Accurate recognition of biomedical entities (genes, cells, diseases, etc) in scientific literature demands a deep understanding of the field, as scientific meanings can evolve over time. NER is a natural language processing (NLP) task focused on identifying and classifying key entities within text. Human expertise has been crucial for effective NER due to ongoing changes in how entities are defined and classified, often influenced by new experimental and clinical insights. The term "Influenza" once covered any respiratory illness for example, but was later confined to diseases caused by influenza viruses specifically. This can be a problem for NLP (and even human curators), particularly when processing a corpus of scientific literature that has been published across a number of decades; the same term could have completely different meanings in two documents, published years apart.
When differentiating between entity types, the surrounding context is also important. For example, “insulin” is an endogenous hormone, but the same word is used to refer to a therapy in the form of insulin injections. Similarly, “Insulin” could also refer to the gene which encodes it (INS). The decision to classify a mention of “insulin” as a gene, protein, chemical, or drug therefore depends on the context in which it is being described.
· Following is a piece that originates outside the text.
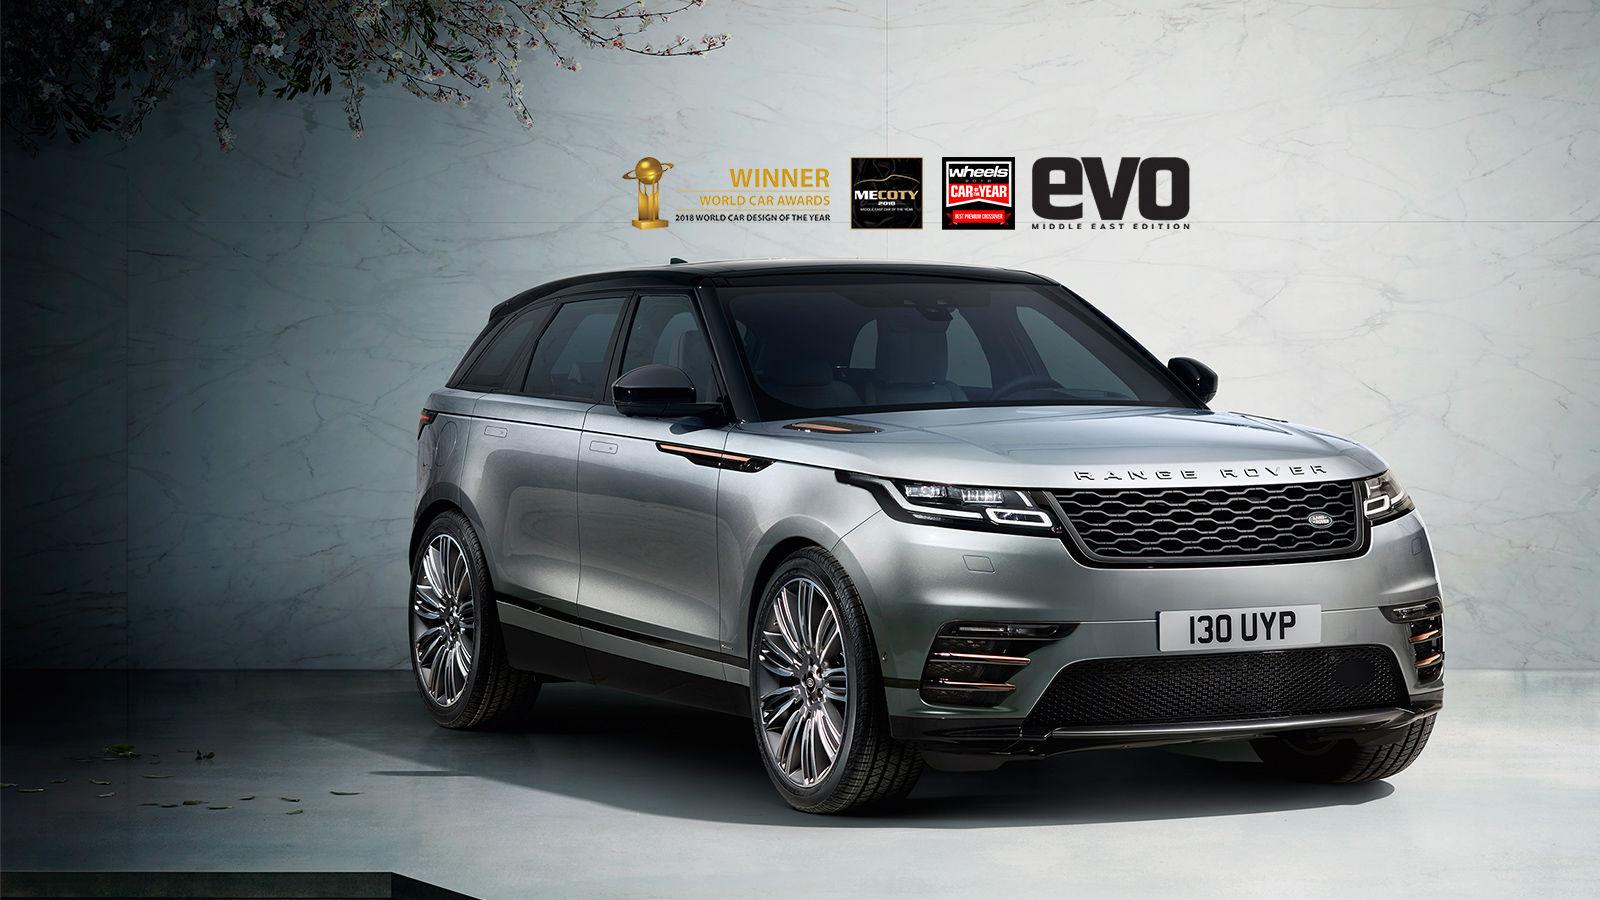 Range Rover Velar - Luxurious Compact SUV | Landrover Jordan

Whilst a human biomedical domain expert could ascertain which is most appropriate, this poses a challenge for traditional NLP methods.
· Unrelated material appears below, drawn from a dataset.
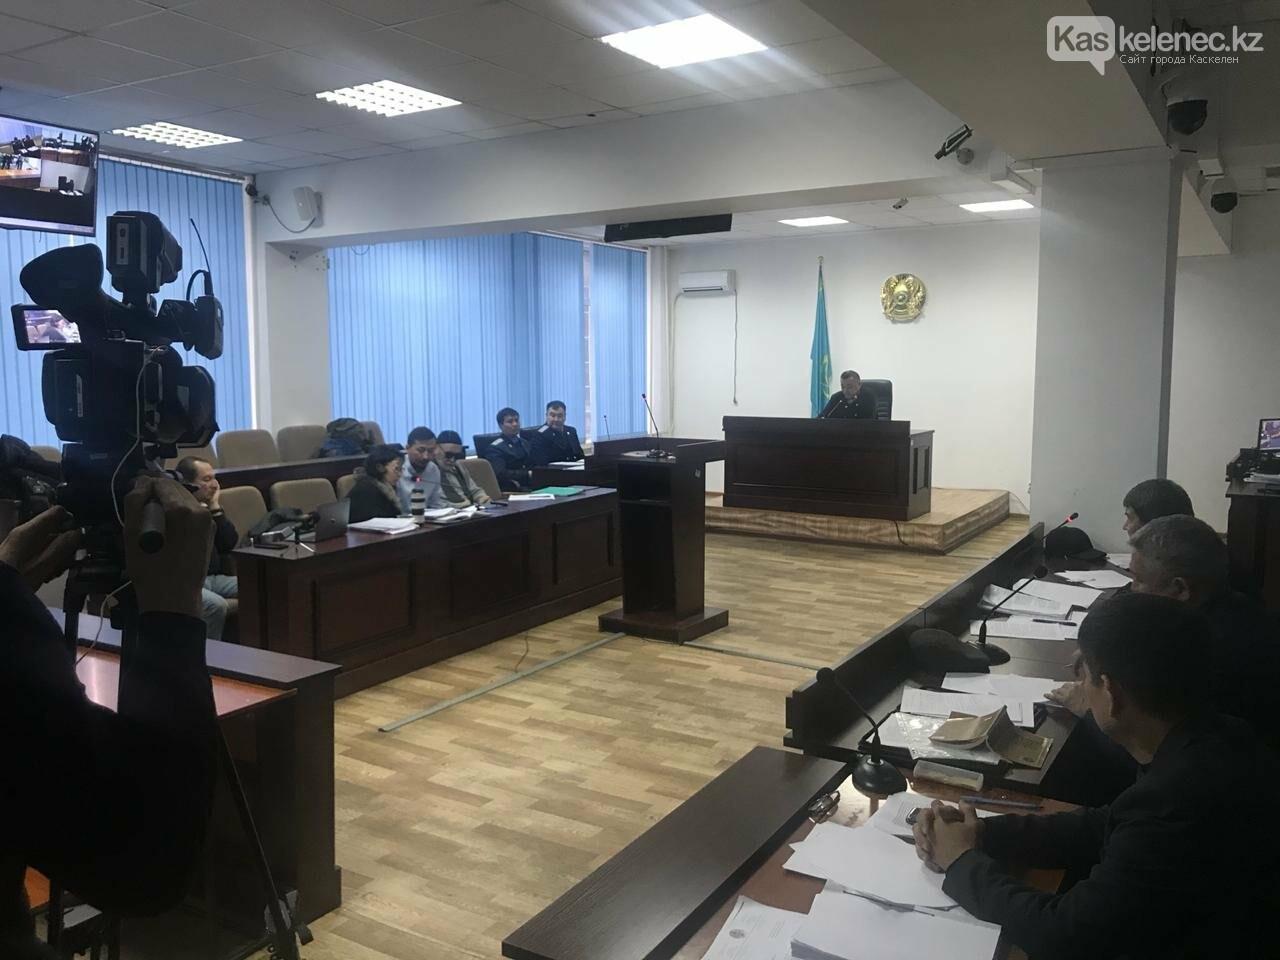 Убийство Дениса Тена: суд решил огласить приговор 17 января, фото-5

Another challenge is the use of overlapping synonyms across different (but often related) entity types. This can be an unfortunate consequence of the way we historically named genes/proteins. For example, Duchenne Muscular Dystrophy is a severe neuromuscular disease, often abbreviated to “DMD”. In 1986, researchers identified a gene on the X chromosome that, when mutated, causes Duchenne Muscular Dystrophy (amongst other muscular dystrophies) (Kunkel, 1986). The protein it encodes was named “dystrophin”, but even today, the official gene symbol is “DMD”, which is identical to the acronym used to refer to the disease. Whilst an author might define the abbreviation at the start of a publication, NLP methods that rely on string-matching approaches extracted from individual sentences struggle with such examples.
One of the hardest NER challenges in this domain is being able to resolve between a gene, mRNA, and protein of the same name (e.g. PTEN). This is not an issue when using structured datasets because the nature of the dataset tends to determine the entity type, e.g. genomics, transcriptomics, or proteomics, respectively; but in the literature, an author will often refer to all three forms using the same string of text (perhaps with subtle differences in capitalisation or use of italics, if you’re lucky). This is a challenge even for human curators, but they may detect hints of context to help resolve them, for example the gene form being bound by a transcription factor, an mRNA transcript being inhibited by miRNA, or a protein being phosphorylated. This is a level of complexity far beyond the capabilities of traditional NLP approaches.
The promise of LLMs
Manual curation and conventional NLP techniques have their drawbacks. Yet, the rise of advanced AI and LLM technologies present a promising new approach, with the ability to address these challenges through a deeper understanding of complex human language. Figure 1 shows an abstract from a journal article centred around the discovery of a new splice variant of the DMD gene, identified in a patient with Duchenne Muscular Dystrophy, (Wen et al., 2023). An LLM-based NER model, fine-tuned by Biorelate, can disambiguate between mentions where “DMD” is used interchangeably to refer to both the gene and the disease. The model is able to use the surrounding context to make this distinction, and is able to do so despite the authors’ inconsistent use of italics versus roman text when referring to the DMD gene. This example demonstrates the promising potential of LLMs for enabling NER at scale, of biomedical domain-expert quality. By accurately harnessing existing knowledge from scientific literature, we can enhance our understanding of disease mechanisms, drug targets, and clinical treatment responses. Read more about the promise of LLMs in this blog post.

References
Kunkel, L.M. and co-authors, 1986. Analysis of deletions in DNA from patients with Becker and Duchenne muscular dystrophy. Nature, 322 (6074), pp.73-77.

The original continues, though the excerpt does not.